US consumer confidence rose to 138.4 points (close to the all-time high of 144.7 in 2000) which may lead to improved sales performance of mall and shopping centre REITs. Further, ISM non-manufacturing PMI unexpectedly rose to a near record 61.6% (from 58.5%) in September. In August CPI rose to 2.7% from 2.9% in July with core CPI (excludes food and energy) rising 2.2% and the Fed’s main measure PCE remaining flat a 2.0%. In addition, the US added 121 000 jobs (vs. 180 000 expected) with unemployment falling to a 49 year low of 3.7%. Average hourly wages met expectations by rising 2.8% y/y. Given the strong macro-economic backdrop and tighter labour market the FOMC expectedly hiked rates by 25bps in September. Interestingly the committee dropped previously constant statement; “the stance of monetary policy remains accommodative” which we have become accustomed to see in the press release. Fed chair Jerome Powell also stated that he expected one more hike in 2018 and three in 2019 with GDP estimates being increased from 2.8% to 3.1% for this year. A far larger issue last month has been Italian bond yields rising to a 4 year high of 3.6% (from 2.68% at 30 June 2018) due to Italy’s government proposing to raise its budget deficit to 2.4%, against EU fiscal limits and subject to full review on 15 October. The outcome of the proposal has implications for Italy’s sovereign debt rating and in turn the EU’s ability to subsidise or guarantee more of its members – another euro debt crisis could be on the cards.

Last month we saw European retail REITs report performance numbers with headliner Unibail-Rodamco-Westfield (now URW) meeting guidance at 6.8% but disappointing with their 6.4% growth outlook versus an expected 6-8%. The US portfolio also underperformed US mall peers in key metrics across the board. Institutional property asset manager Brookfield made an initial advance for UK mall REIT Intu, sending the share price up to 30% higher on the day. This may be the ‘white-night’ Intu and the UK mall sector needs in this difficult environment. As negative sentiment started to turn positive in the US retail environment, in turn mall / strip centre space, Mattress Firm (linked to Steinhoff) with 3 300 stores across the US filed for bankruptcy in September. Furthermore, as we write this, 125-year old department store Sears with 506 outlets is expected to file for Chapter 11 bankruptcy as they failed to rollover a seemingly paltry US$134 million in debt obligations. This will likely have a second-round negative effect on the mall space via the possible rent reductions to ensure and shadow vacancies created as Sears vacates unprofitable spaces.

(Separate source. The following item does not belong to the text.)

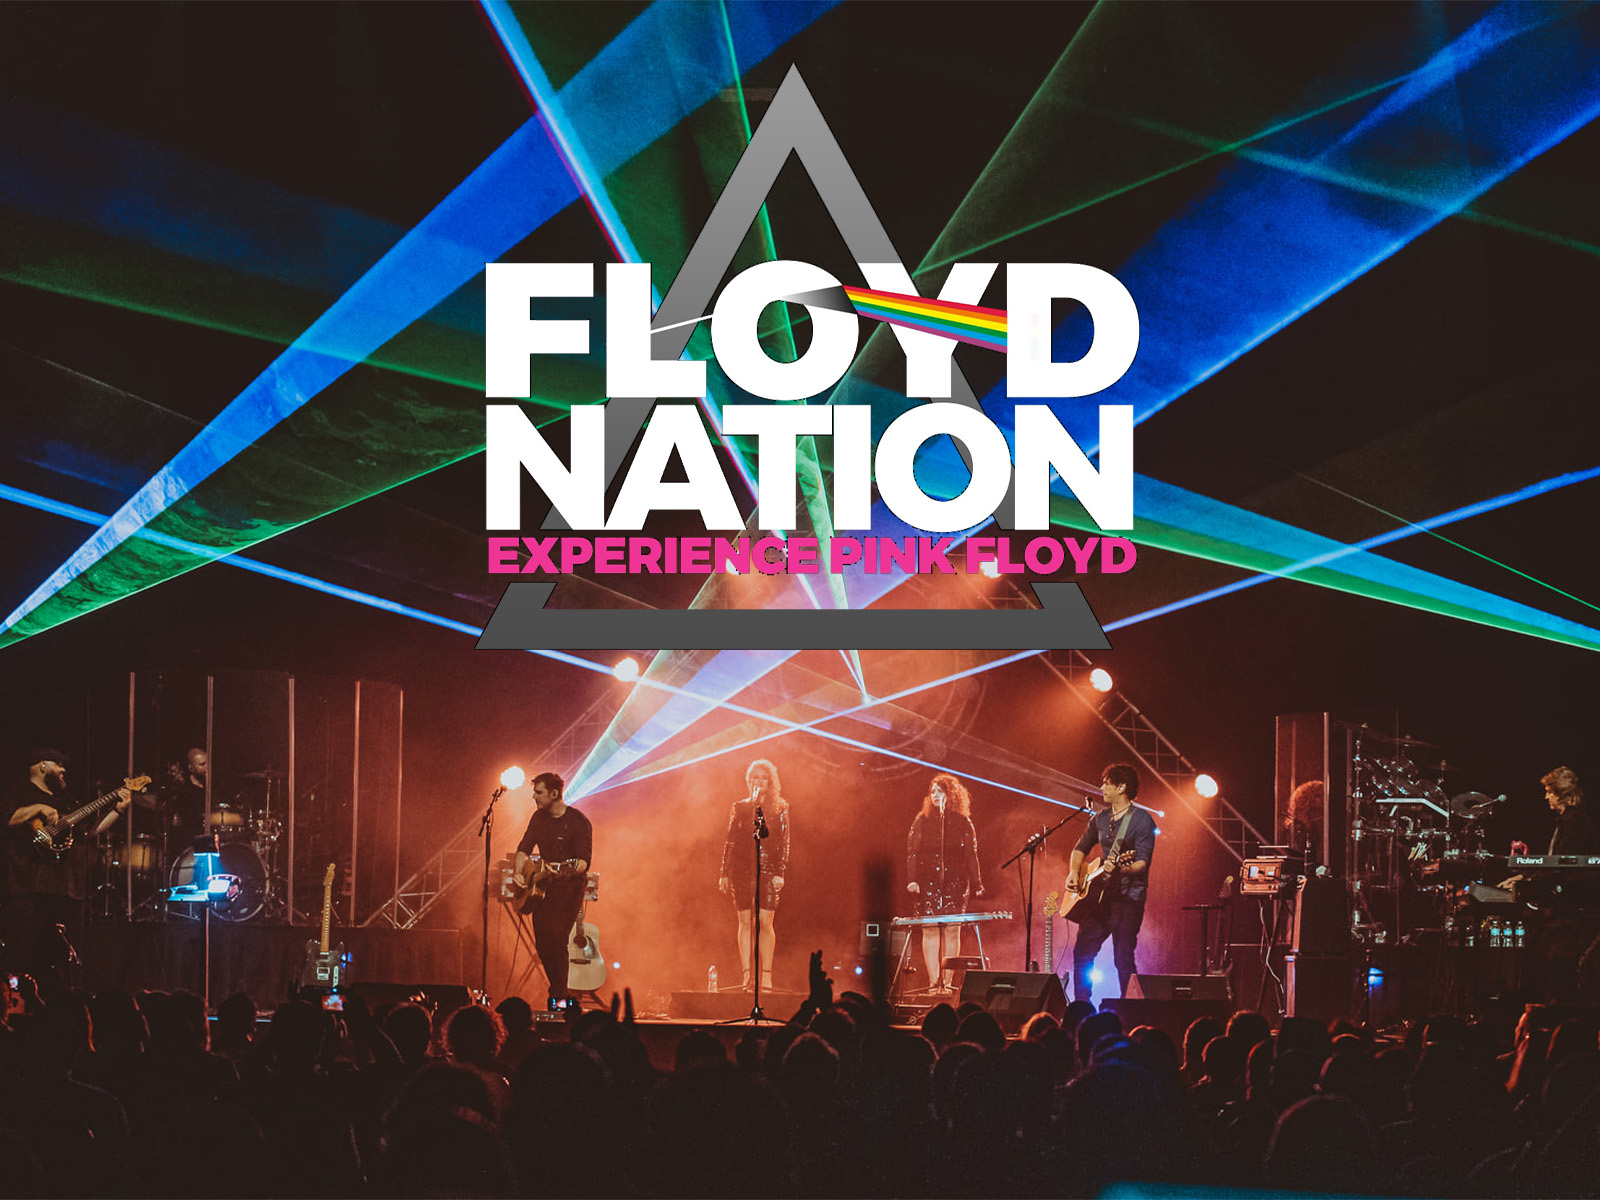 Floyd Nation: Experience Pink Floyd - Mayo Performing Arts Center
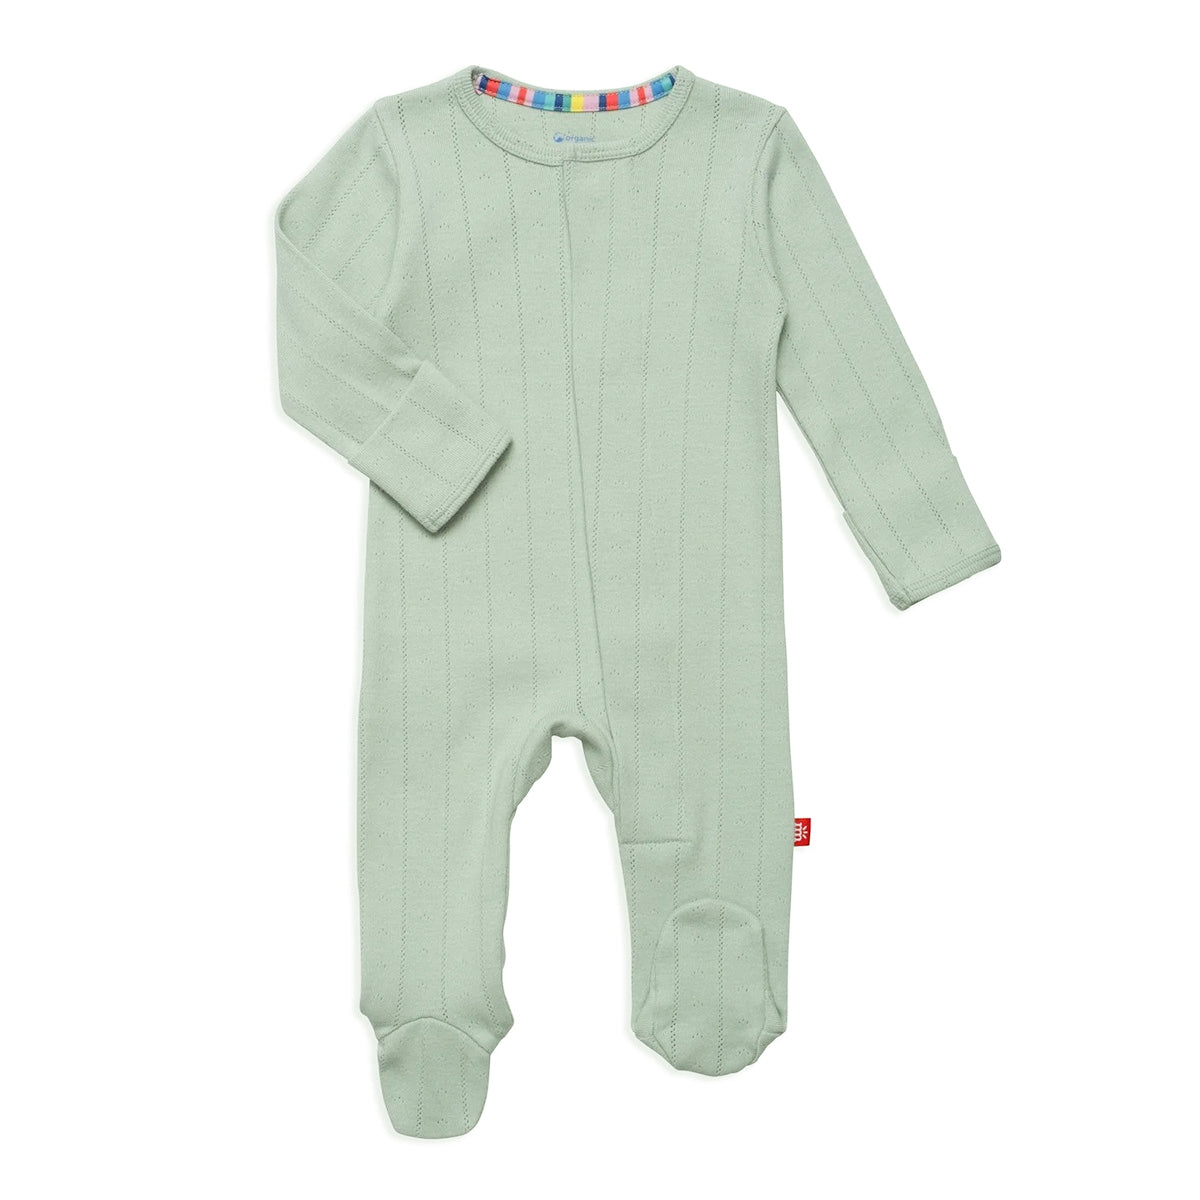 Magnetic Me Love Lines Seagrass Pointelle Organic Cotton Baby Footie

After the massive move in the US 10-year bonds, global REITs are back in negative territory in USD terms thus showing more value than before. At a 4.3% forward dividend yield and 6-7% earnings or FFO growth over the next 2 years we see value in the sector. We also see convergence in REIT earnings as compared to general equities into 2019. The key risk is the US bond yield and how much it overshoots expectations in the mid term but we remain comfortable with our outlook for 7-9% total returns per annum over the next 2 years.